Passiflora edulis (P. edulis Sims) is prevalent in tropical regions, and its distinctive taste and aroma are highly appreciated due to its unique nutritional profile. With the increasing recognition of the added value of P. edulis Sims wine, an expanding number of researchers have begun to focus on the related studies concerning the brewing process of this wine. Isolating high-quality yeast strains from the natural fermentation broth of P. edulis Sims is crucial for this purpose. In this study, 38 yeast strains were isolated and purified from the fermentation broth of P. edulis Sims. Nine yeast strains were selected using WL medium for further analysis.

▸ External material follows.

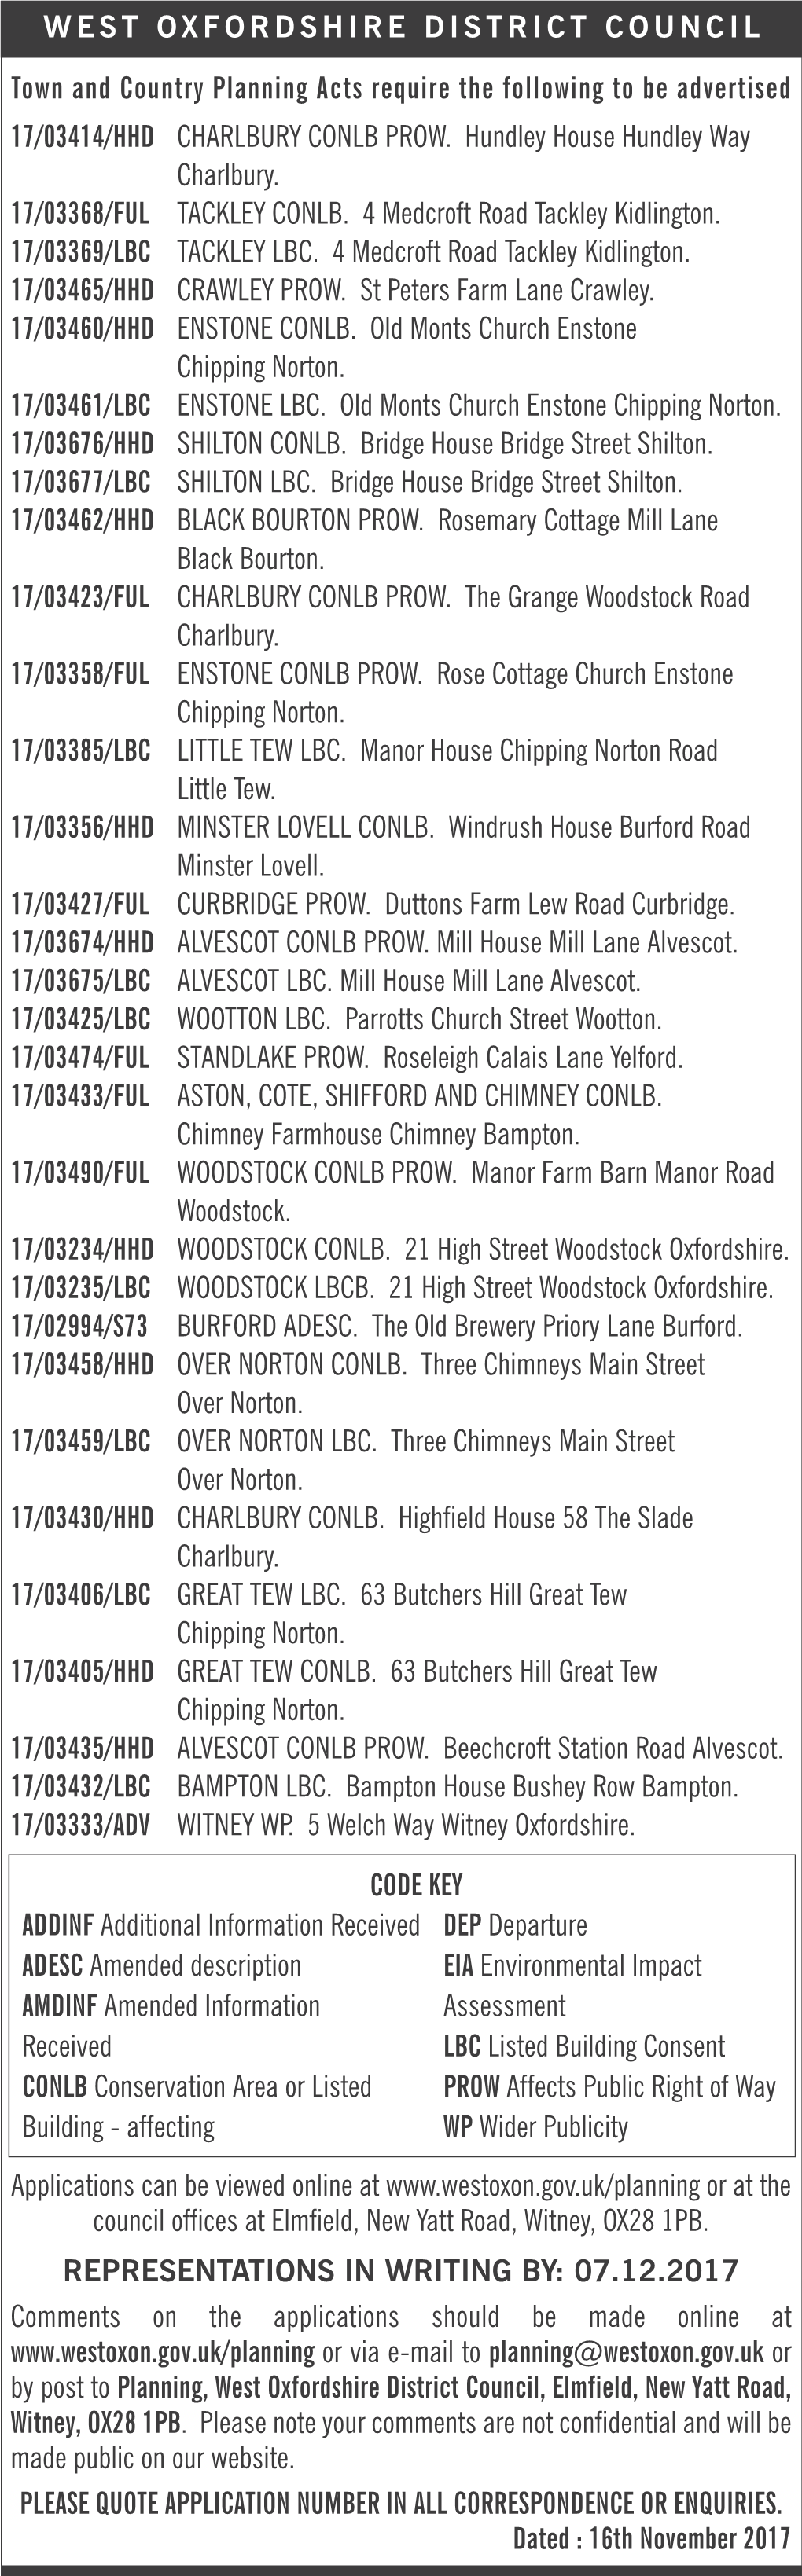 Town and Country Planning Acts Require the Following to Be Advertised 17/03414/HHD CHARLBURY CONLB PROW

The fermentation characteristics of these strains were evaluated based on their production of esters, ethanol, and hydrogen sulfide (H₂S), as well as through tolerance tests. The results indicated that the nine yeast strains exhibited favorable fermentation performance characterized by low H₂S production while demonstrating high levels of ester and ethanol production, along with certain antimicrobial activity. Among these strains, GZH-20 displayed a notably low capacity for H₂S production coupled with exceptional abilities in both ester and ethanol generation. Furthermore, this strain demonstrated good tolerance under various conditions, including pH levels ranging from 2.8 to 3.8, a glucose concentration of 200 g/L, and varying sulfur dioxide (SO₂) concentrations between 60 g/L and 360 g/L; it showed superior capacities for producing esters and ethanol under these conditions. Molecular identification confirmed that this strain is classified as Wickerhamomyces anomalus. These findings hold significant implications for advancing our understanding of specialized yeasts involved in P. edulis Sims wine production.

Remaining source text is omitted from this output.